▶ [ACTIVITY]:
In the records below, repeat exactly the lines between the line holding "21 Free Printable" and the line holding "A Review of", inclusive, and drop the pictures.
Start of LISTED RECORDS
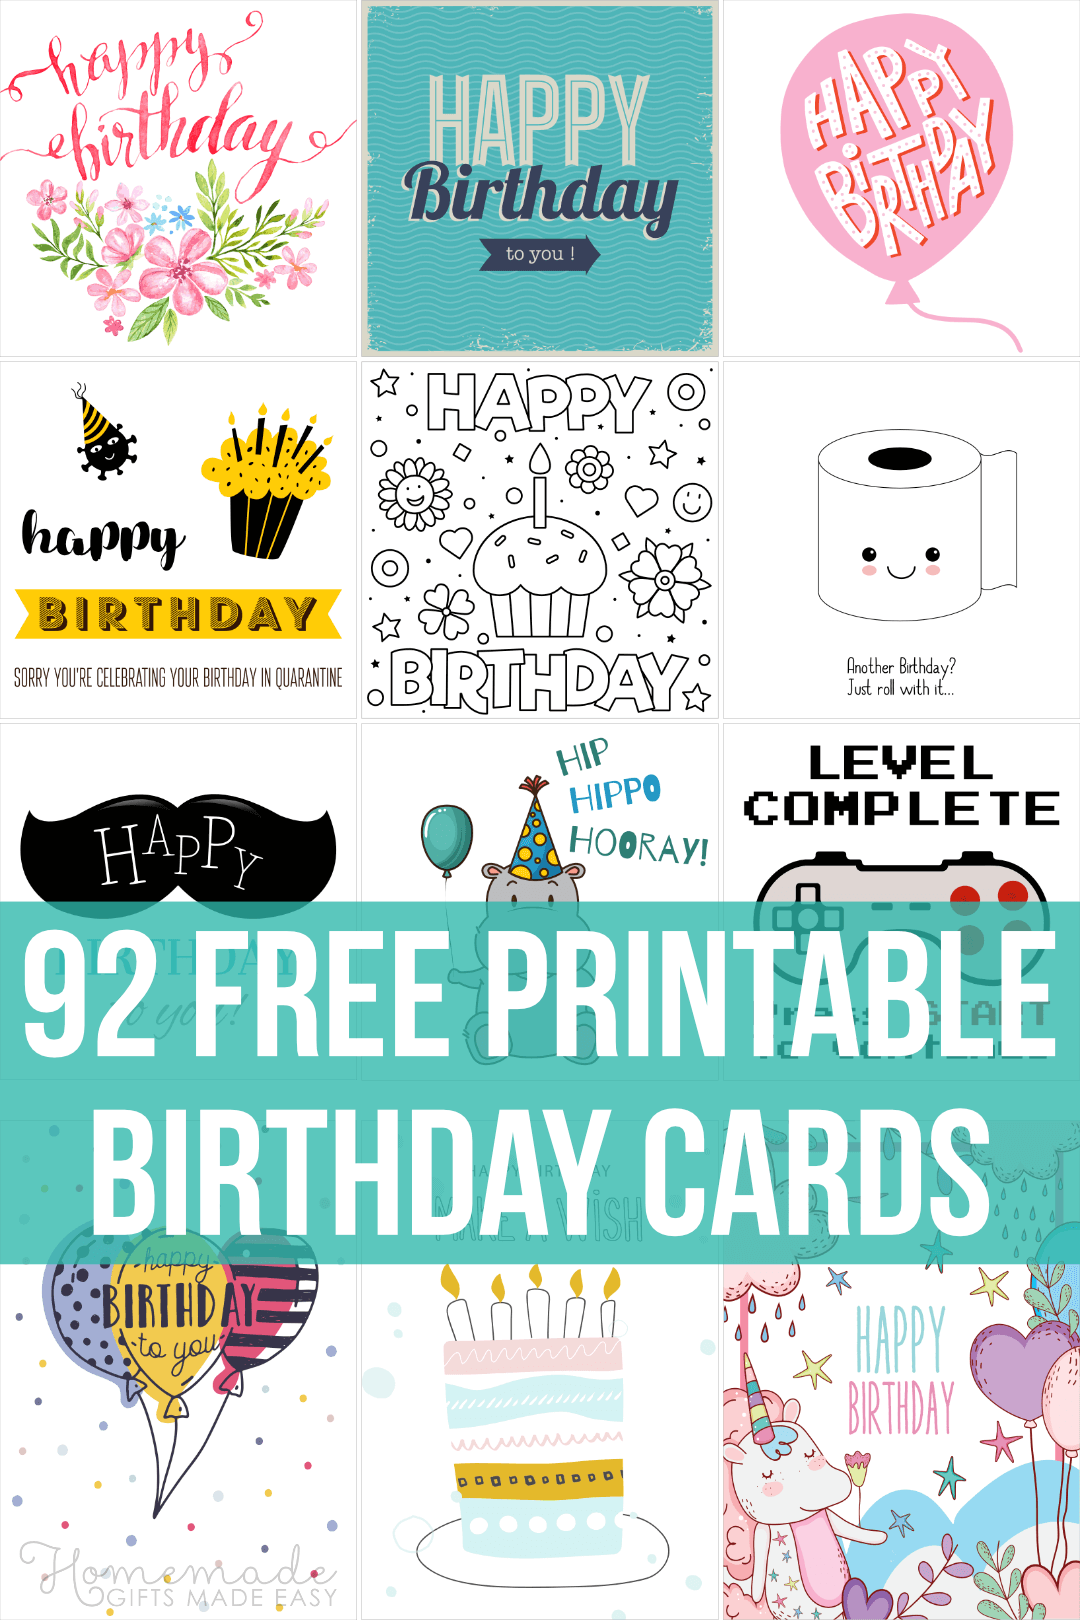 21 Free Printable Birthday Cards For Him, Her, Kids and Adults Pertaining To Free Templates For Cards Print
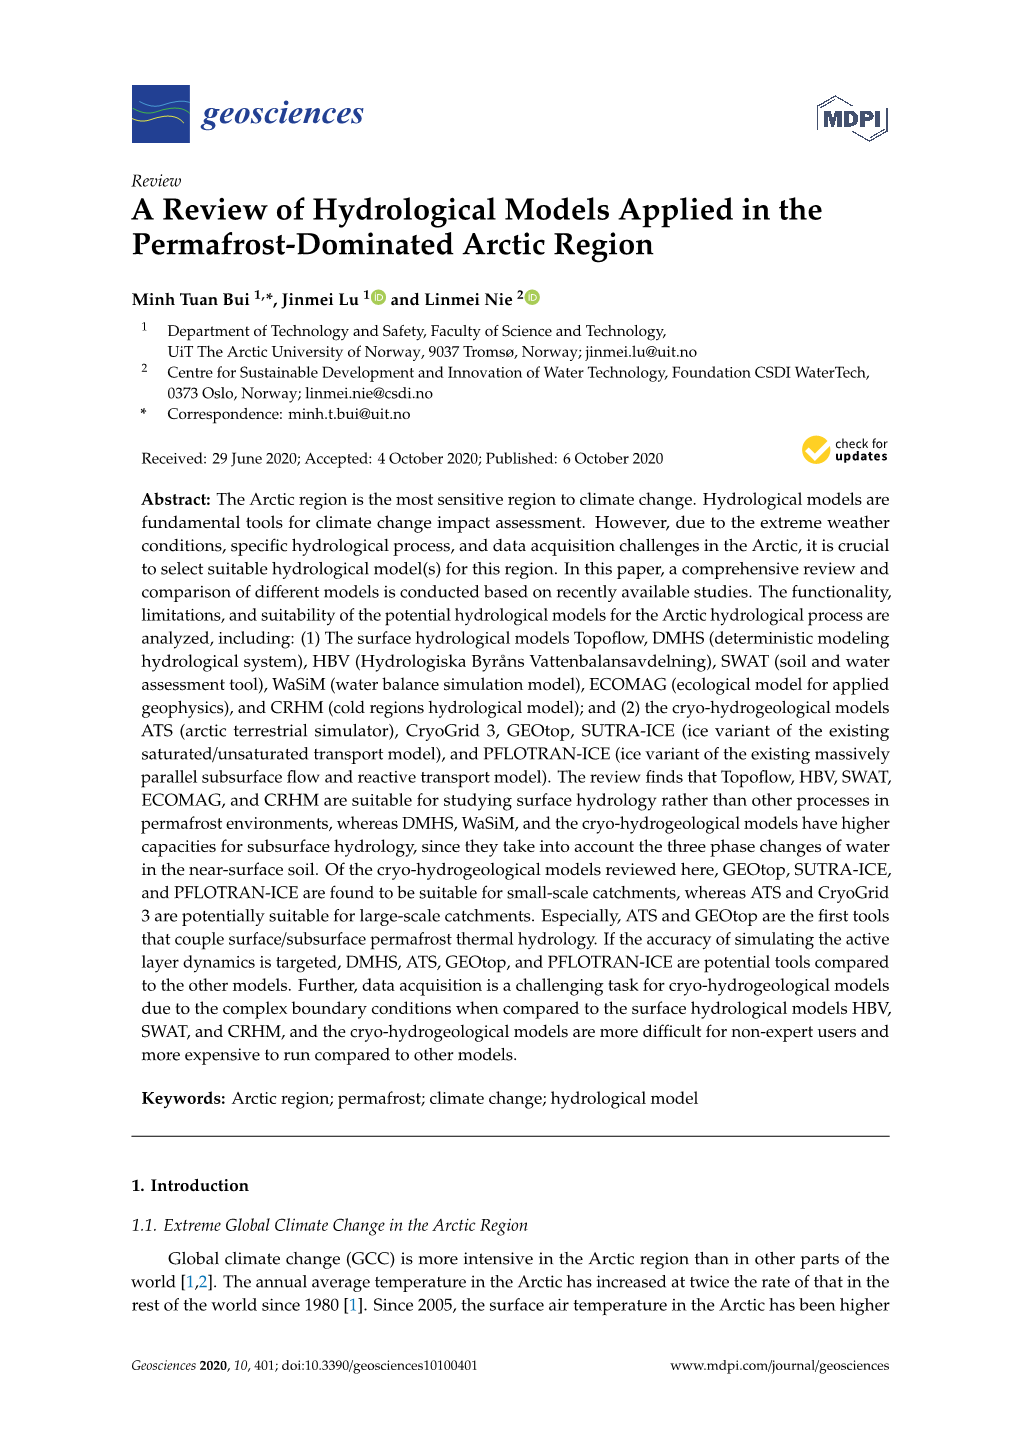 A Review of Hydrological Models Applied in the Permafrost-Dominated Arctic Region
End of LISTED RECORDS
Start of LISTED RECORDS
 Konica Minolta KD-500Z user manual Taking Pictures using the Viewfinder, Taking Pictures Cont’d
End of LISTED RECORDS
▶ [ANSWER SPACE]:
 21 Free Printable Birthday Cards For Him, Her, Kids and Adults Pertaining To Free Templates For Cards Print
 A Review of Hydrological Models Applied in the Permafrost-Dominated Arctic Region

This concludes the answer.